(DATA BELOW)
--- --- ---

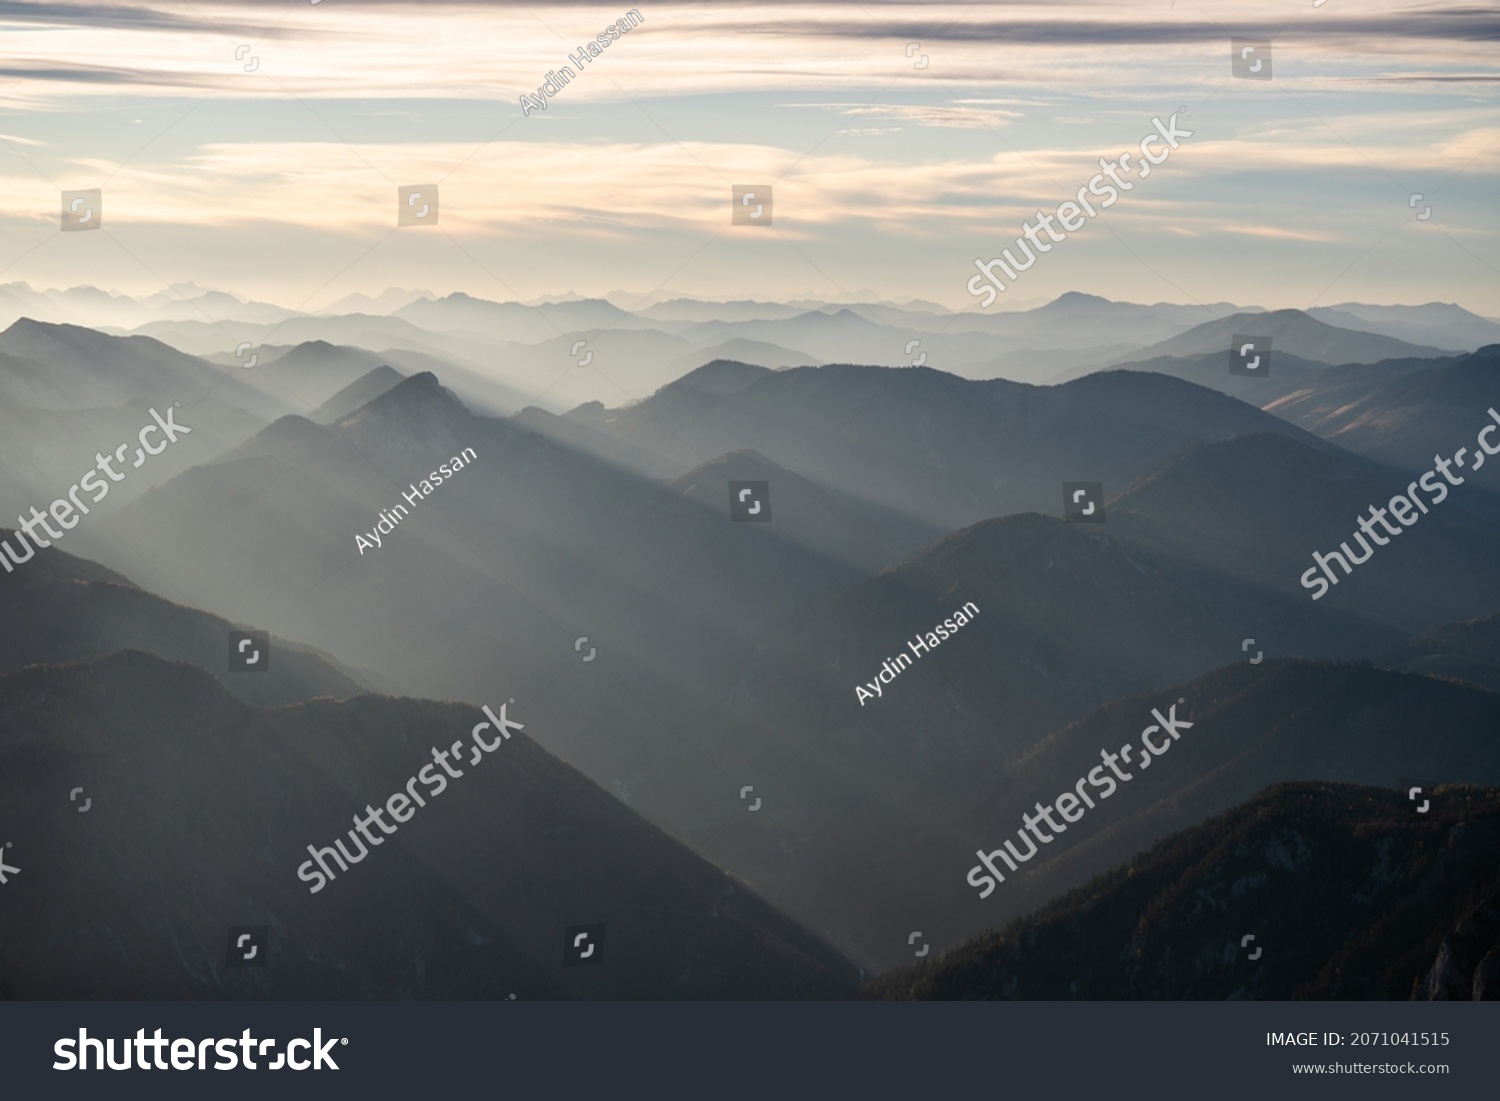 Diffused light during a sunset over the mountain peaks of Austria from Schneeberg during forest fires, Lower Austria, Austria #2071041515
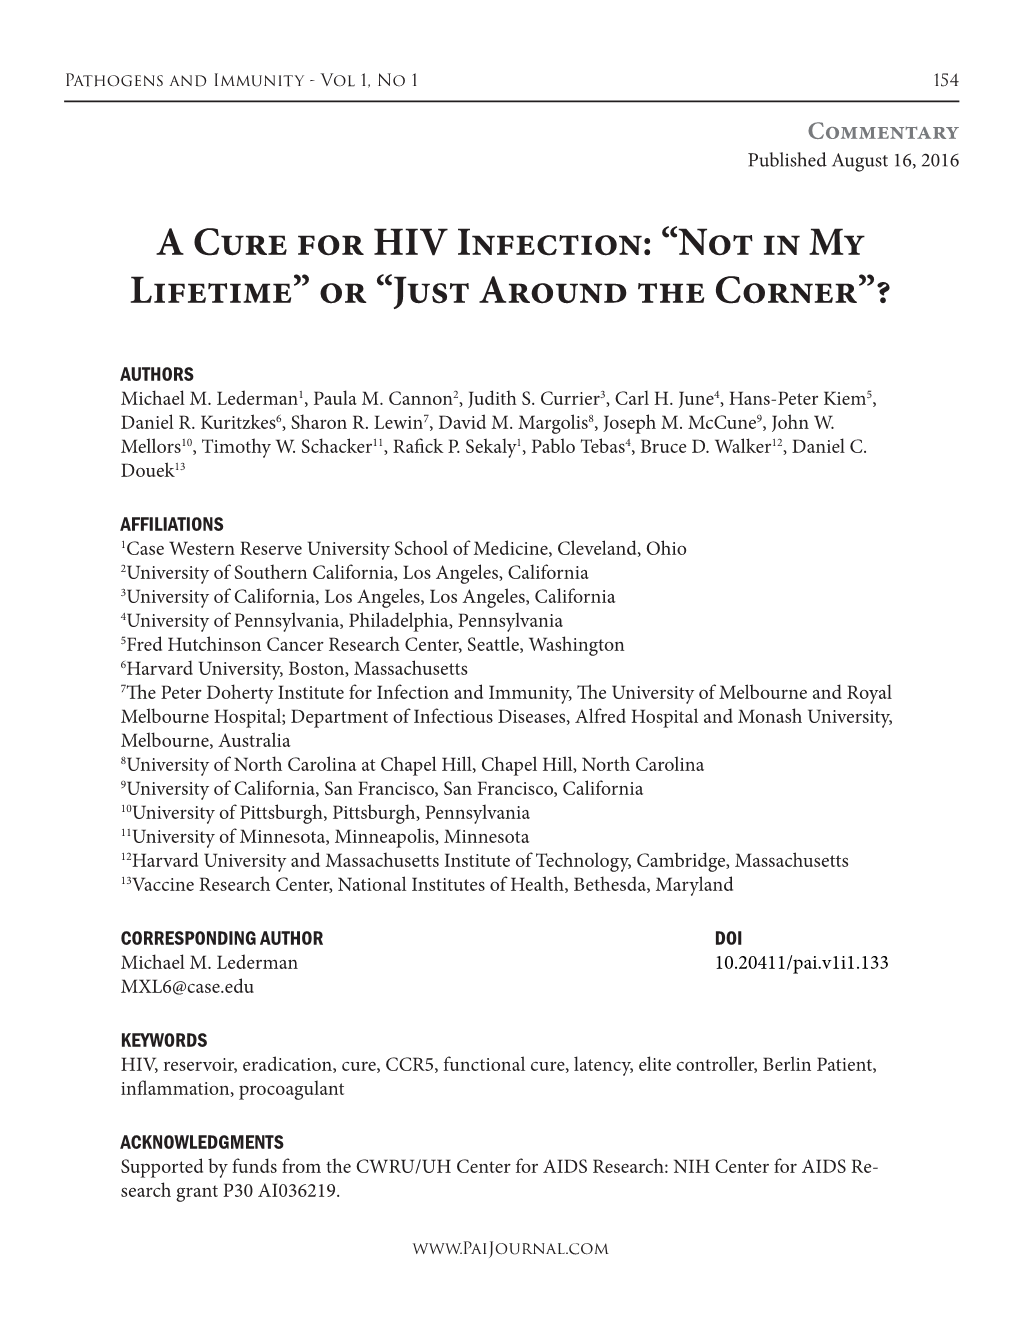 A Cure for HIV Infection? “Not in My Lifetime”
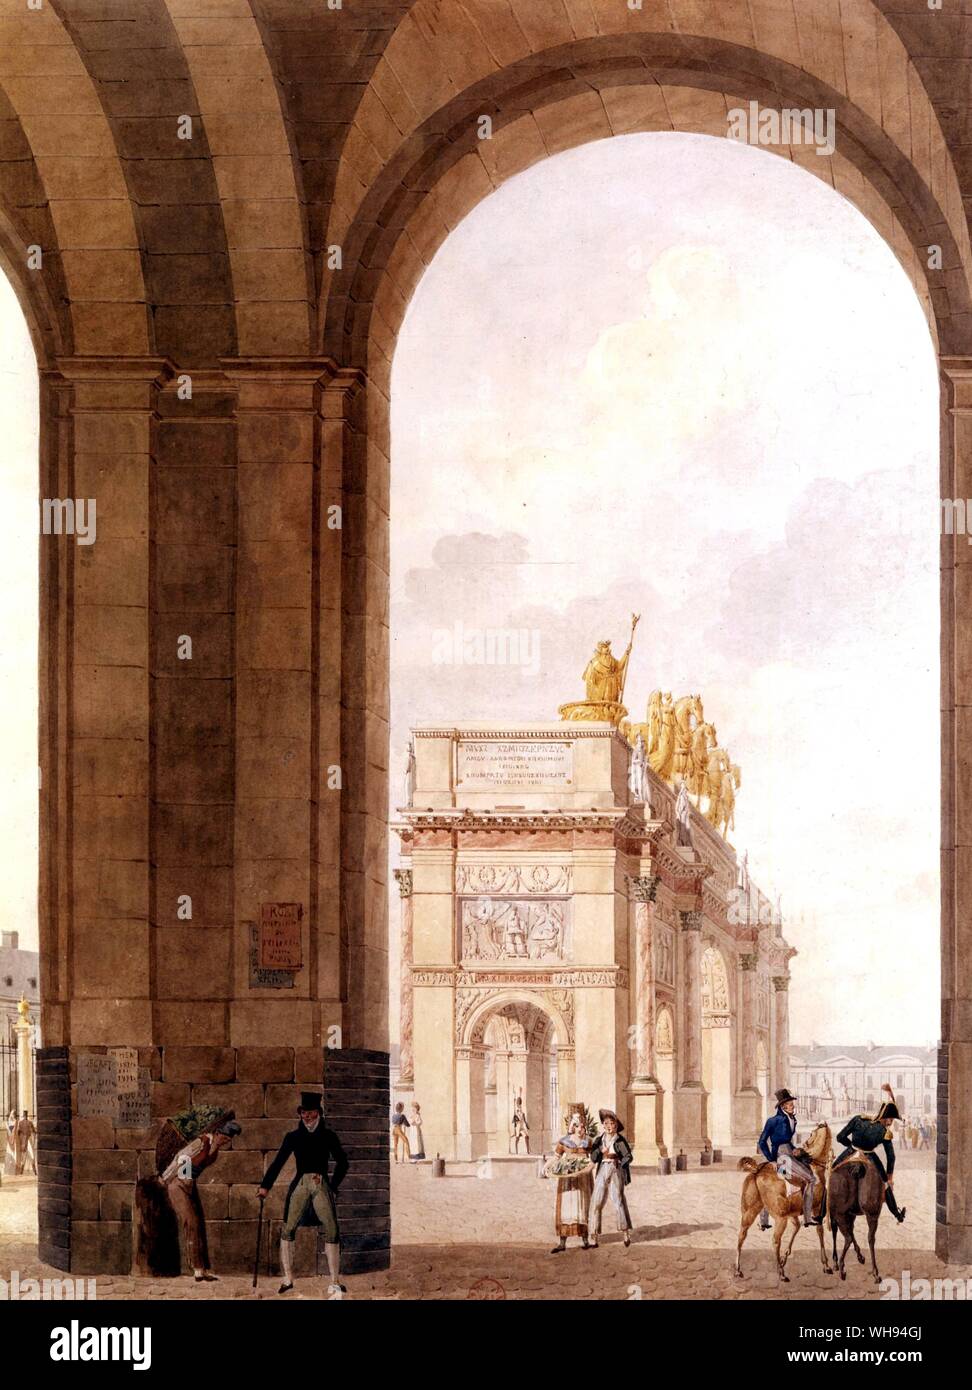 Vue de l'Arc de la Place du Caroussel - from under the passage de l'aile du midi. by Percier. Collection Destailleur. Bibliotheque Nationale, Paris. Charles Percier (Paris, August 22, 1764 - Paris, September 5, 1838) was a neoclassical French architect, interior decorator and designer, who worked in such close partnership with Pierre François Léonard Fontaine, originally his friend from student days, from 1794 onwards, that it is fruitless to disentangle artistic responsibilities in their work. Together, Percier and Fontaine were inventors and major proponents of the rich and grand, Stock Photo
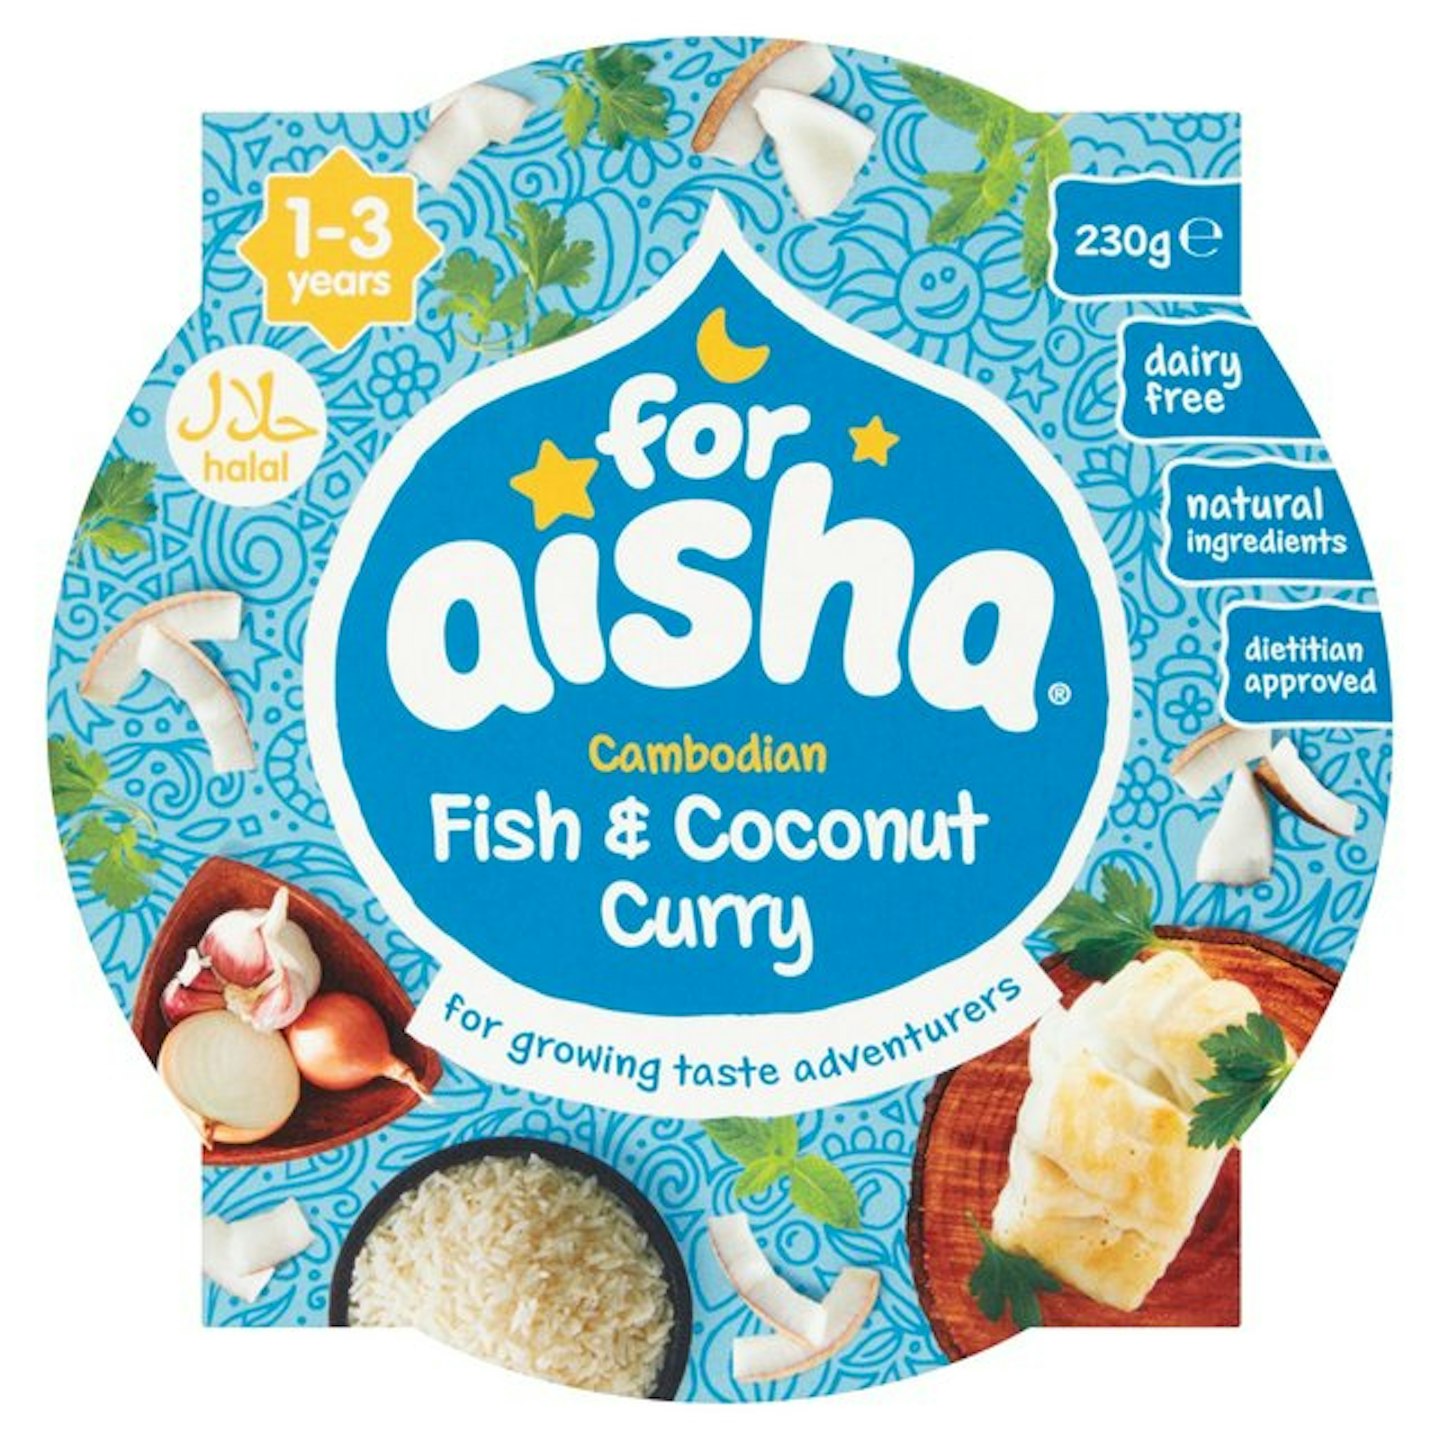 For Aisha Cambodian Fish & Coconut Curry

--- --- ---

(WHAT IS REQUIRED)
Please print the lines exactly, from the top of the material through the line with "A Cure for HIV", and omit the pictures.

(WRITTEN SOLUTION)
 Diffused light during a sunset over the mountain peaks of Austria from Schneeberg during forest fires, Lower Austria, Austria #2071041515
 A Cure for HIV Infection? “Not in My Lifetime”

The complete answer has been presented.